The heavy presence of illegal immigrants has long been an issue in the Southwest region. 

Erica Valdez and her husband ranch near Animas, a little town in the southwest corner of New Mexico. Valdez’s mother bought the 64 section ranch in 1995 when Erica was in high school. The ranch sits 20-40 miles away from the Mexican border. Neighbors are few and far between in their area. Instead of hiring outside help, they mostly trade labor with other families who have kids. Most of their help has been girls under the age of 16.

The type of traffic coming across the border has drastically changed since Valdez was a child. Families crossing for a better life in America were once the norm; people were mainly looking for food, water and work. Now, heavily armed men, wearing camouflage and carrying backpacks full of drugs have taken the place of families. The climate is better in the south for growing marijuana, cocaine and opium. Even now with marijuana being legal and having dispensaries in the U.S., mostly harder drugs are being imported by the cartel. Some travelers are even human traffickers smuggling people in and out of the country. 



Many times through the years, while riding through cattle horseback Valdez has stumbled upon men in camo and dark masks, fortunately without incident. The family is concerned for their teenage daughter’s safety, but “we can’t not do the work we need to do because of it,” Valdez said. “We are smart about it.”

On occasion, Valdez has carried a pistol and hired men have packed rifles for protection. She doesn’t do this frequently anymore, as to not make the migrants feel threatened, or fear retaliation. She acknowledges it opens up too much room for misconception and doesn’t want them to feel she would be aggressive. If the illegals feel threatened, they could become reactive and dangerous. She usually nods, and rides on by.  
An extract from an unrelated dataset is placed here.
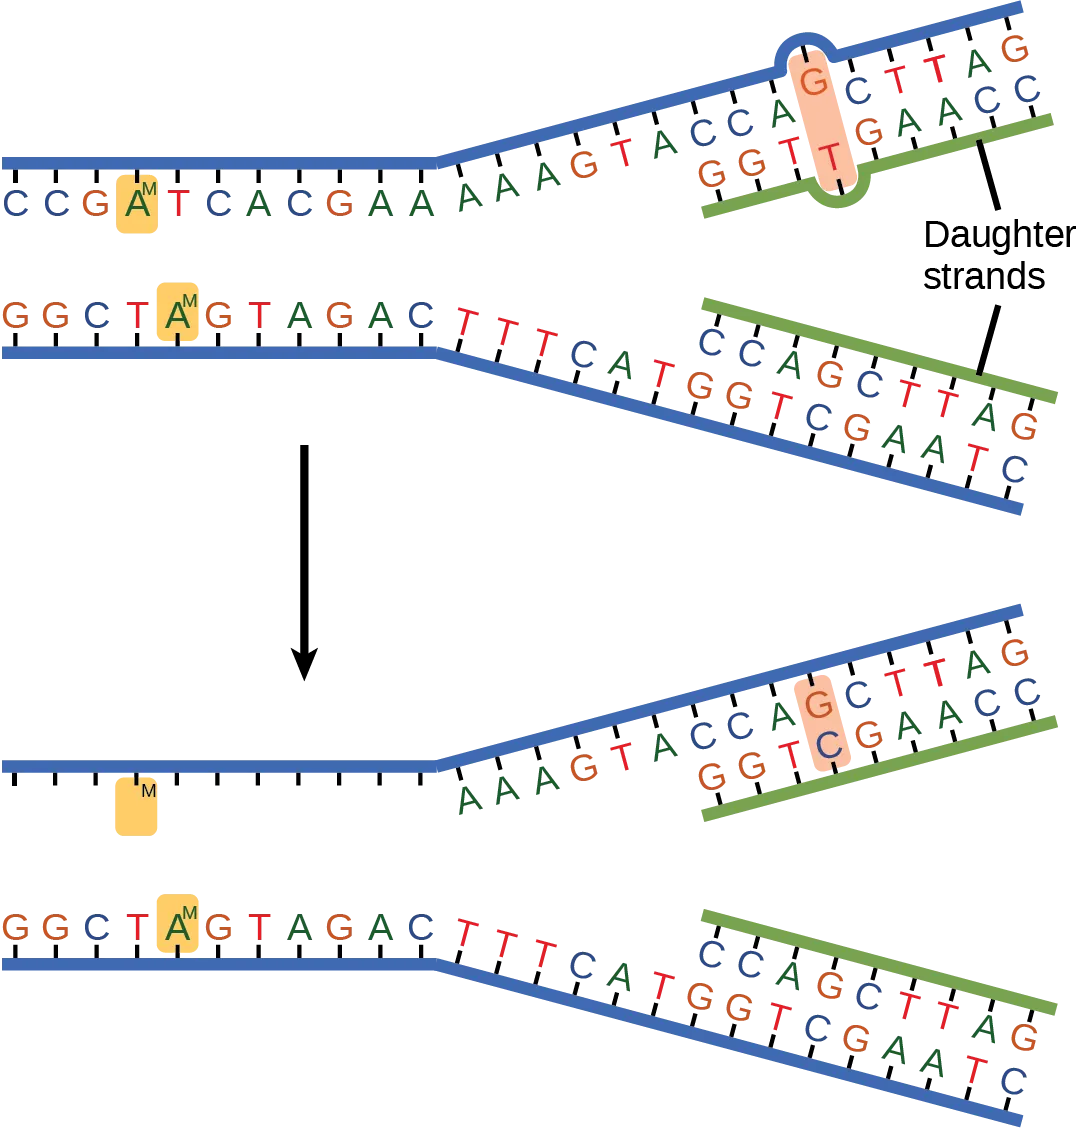 The top illustration shows a replicated D N A strand with G T base mismatch. The bottom illustration shows the repaired D N A, which has the correct G C base pairing.

In 2021 while out prowling through cattle alone, Valdez came upon four men huddled together under a juniper tree. The next day, there was no sign of them, no tracks, and no broken tree limbs. There was not one trace they had even been there. However, she found a spotters camp on a slope nearby. This was a place for a lookout being manned by someone using high-tech optics and radio, staying in contact with drug runners, while keeping an eye on all roads leading to the highway from a superior vantage point. 

The New Mexico/Mexico border is 181 miles long. In April of 2020, during the first Trump Administration, the building of the wall began. The wall only covers 103 of those miles. Construction was shut down by the Biden Administration in March of 2021, and there are “funnels” in which people can travel back and forth. The wall was never finished and there are gaps. There is barbed wire fencing in some places where there are voids, but they are easily cut and driven across.

Illegals have no respect for property. They cut fences, leave trash, drain water lines to get a drink, break into outhouses, steal vehicles and enter barns and outbuildings, sometimes even family homes. 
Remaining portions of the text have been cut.